Every line of the listing belongs in your answer exactly as written; the images do not.

The data section start

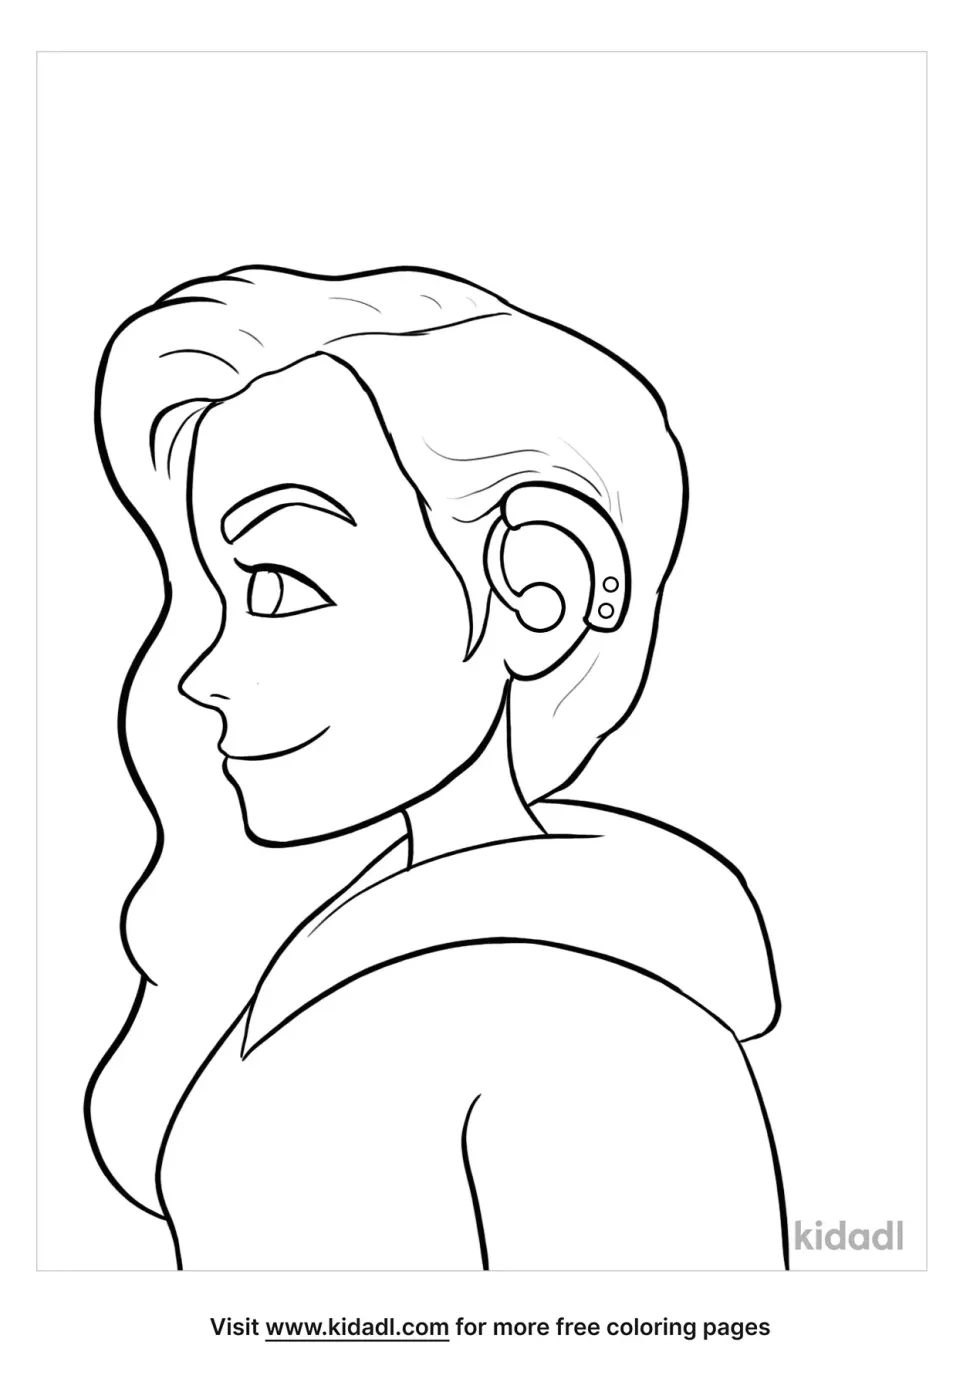 Child With Hearing Aids Coloring Page
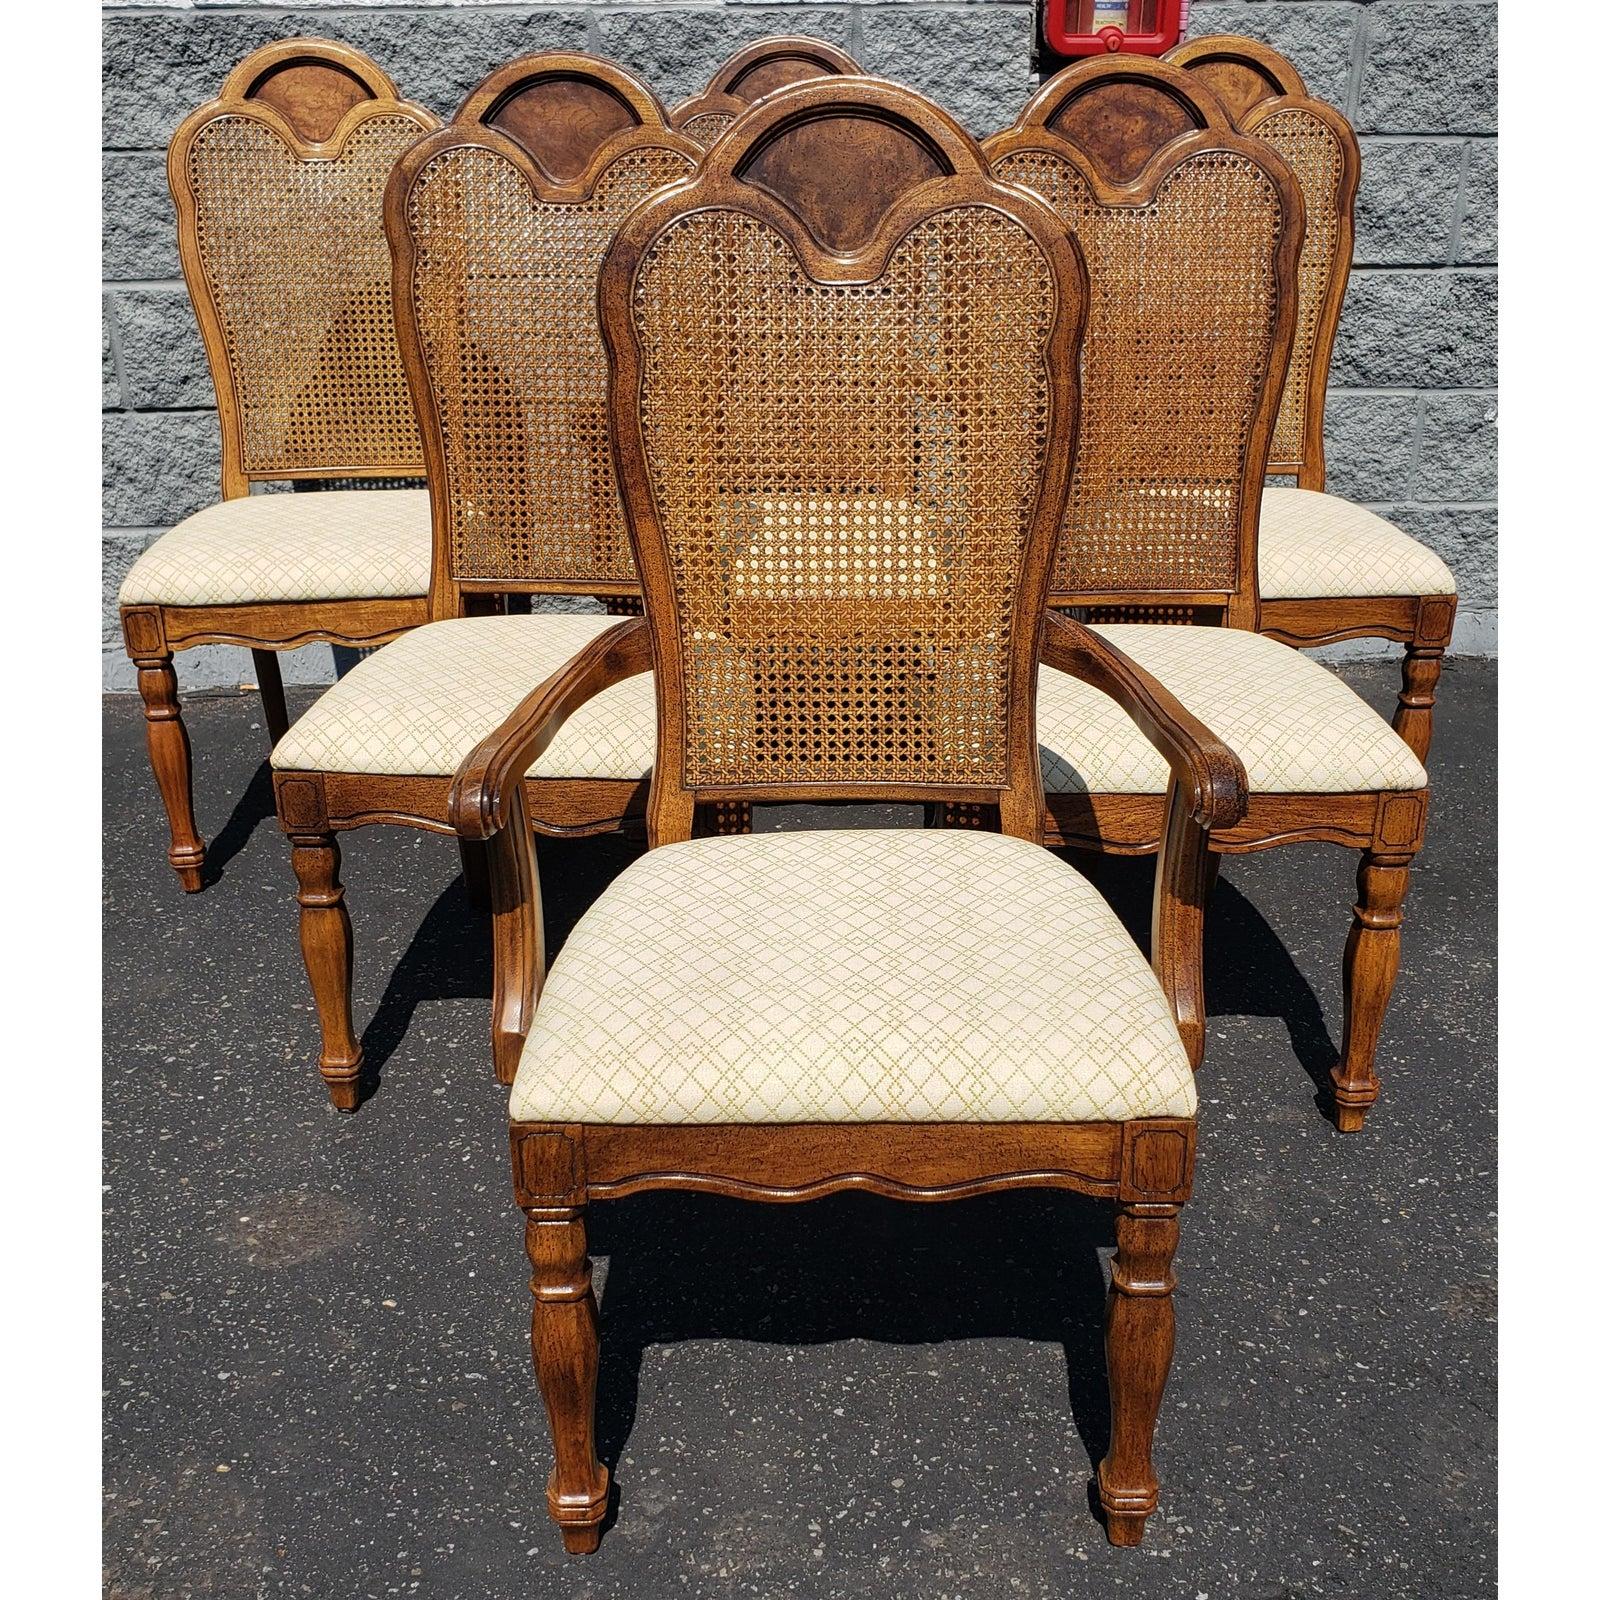 French Country Thomasville Walnut Cane Back Dining Room Chairs, Set of 6 3
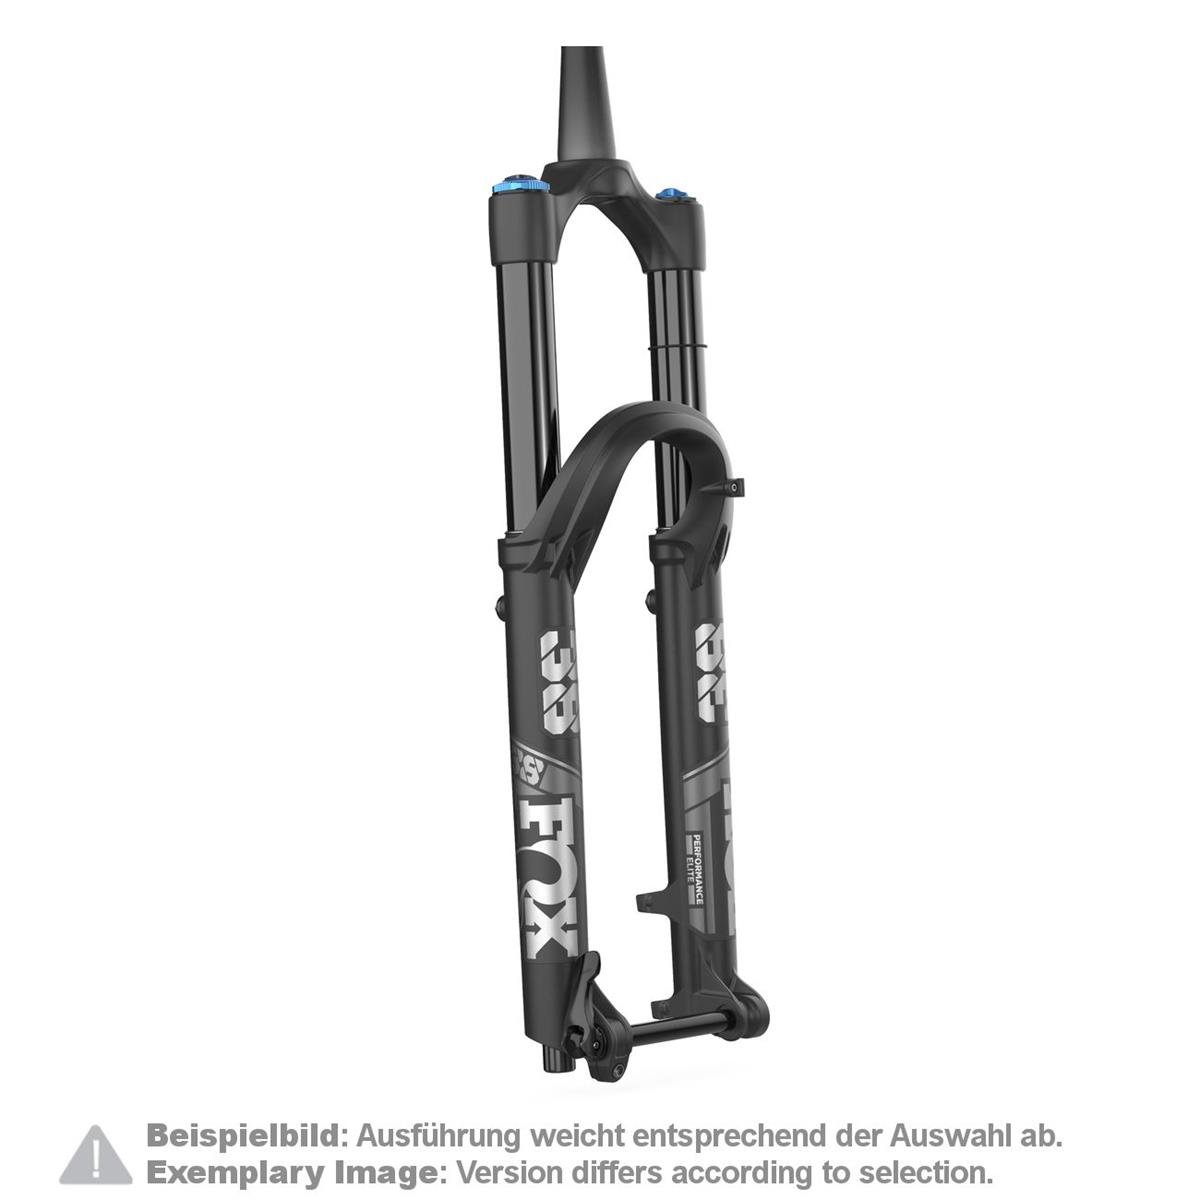 Fox Racing Shox Forcella 38 Float Performance Elite 27.5 Pollici, 15x110 mm, GRIP2, 44 mm Offset, 170 mm
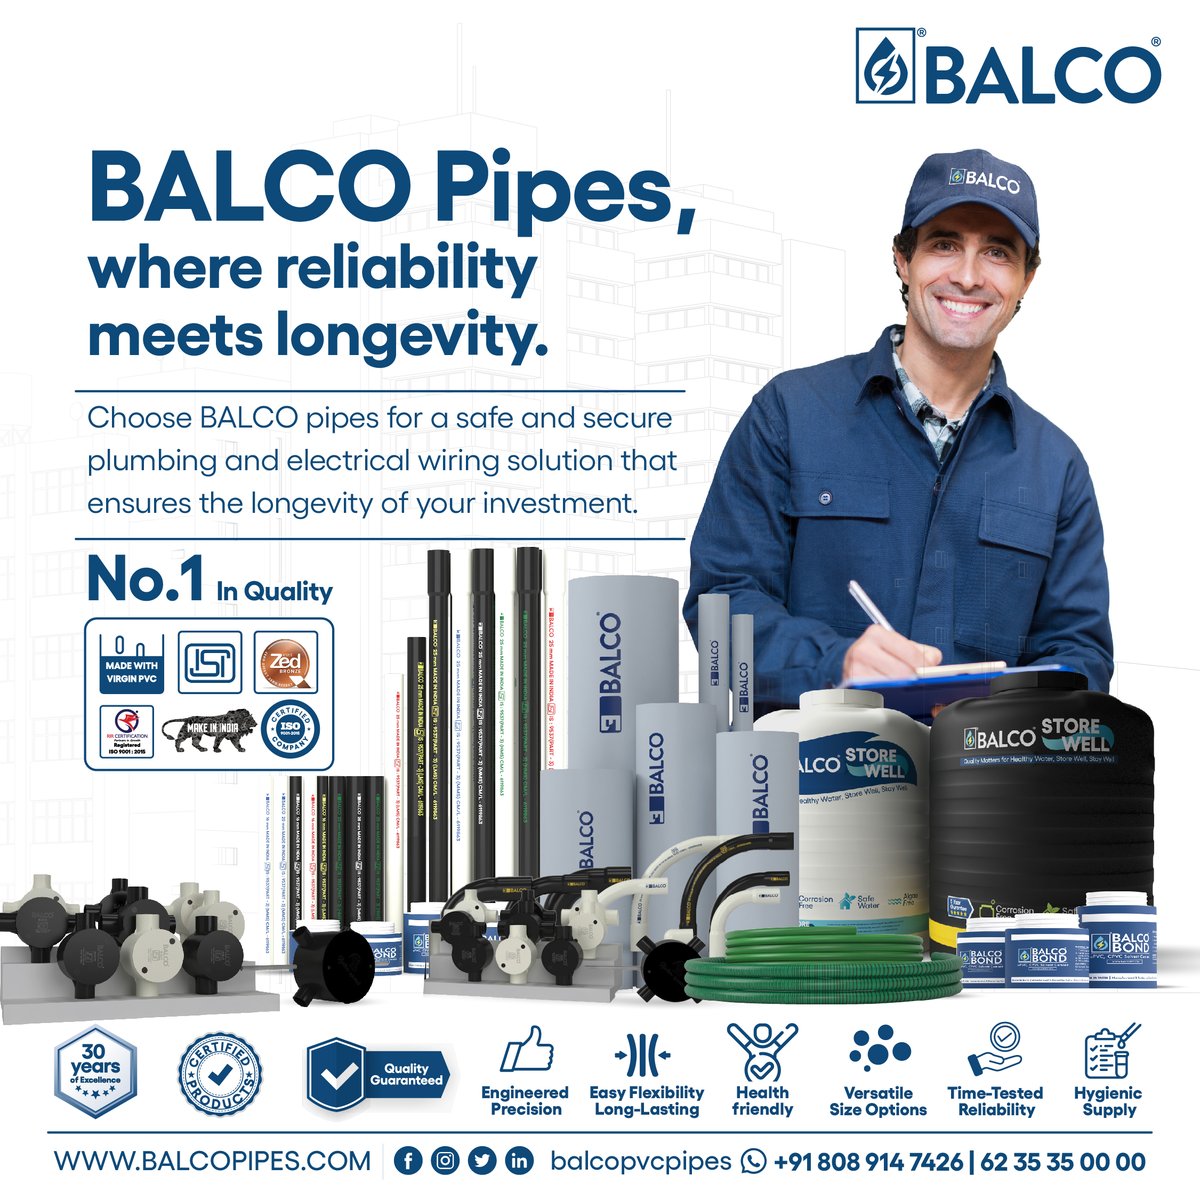 Invest Wisely, Invest in Quality! Choose BALCO pipes for a safe and secure plumbing and electrical wiring solution that ensures the longevity of your investment. 🏡✨ #BALCOPipes #ConstructionEssentials #QualityInvestment #balco #pvc #conduits #plumbing #electrical #safetyfirst

The data section end

### Problem solution
 Child With Hearing Aids Coloring Page
 French Country Thomasville Walnut Cane Back Dining Room Chairs, Set of 6 3
 Fox Racing Shox Forcella 38 Float Performance Elite 27.5 Pollici, 15x110 mm, GRIP2, 44 mm Offset, 170 mm
 Invest Wisely, Invest in Quality! Choose BALCO pipes for a safe and secure plumbing and electrical wiring solution that ensures the longevity of your investment. 🏡✨ #BALCOPipes #ConstructionEssentials #QualityInvestment #balco #pvc #conduits #plumbing #electrical #safetyfirst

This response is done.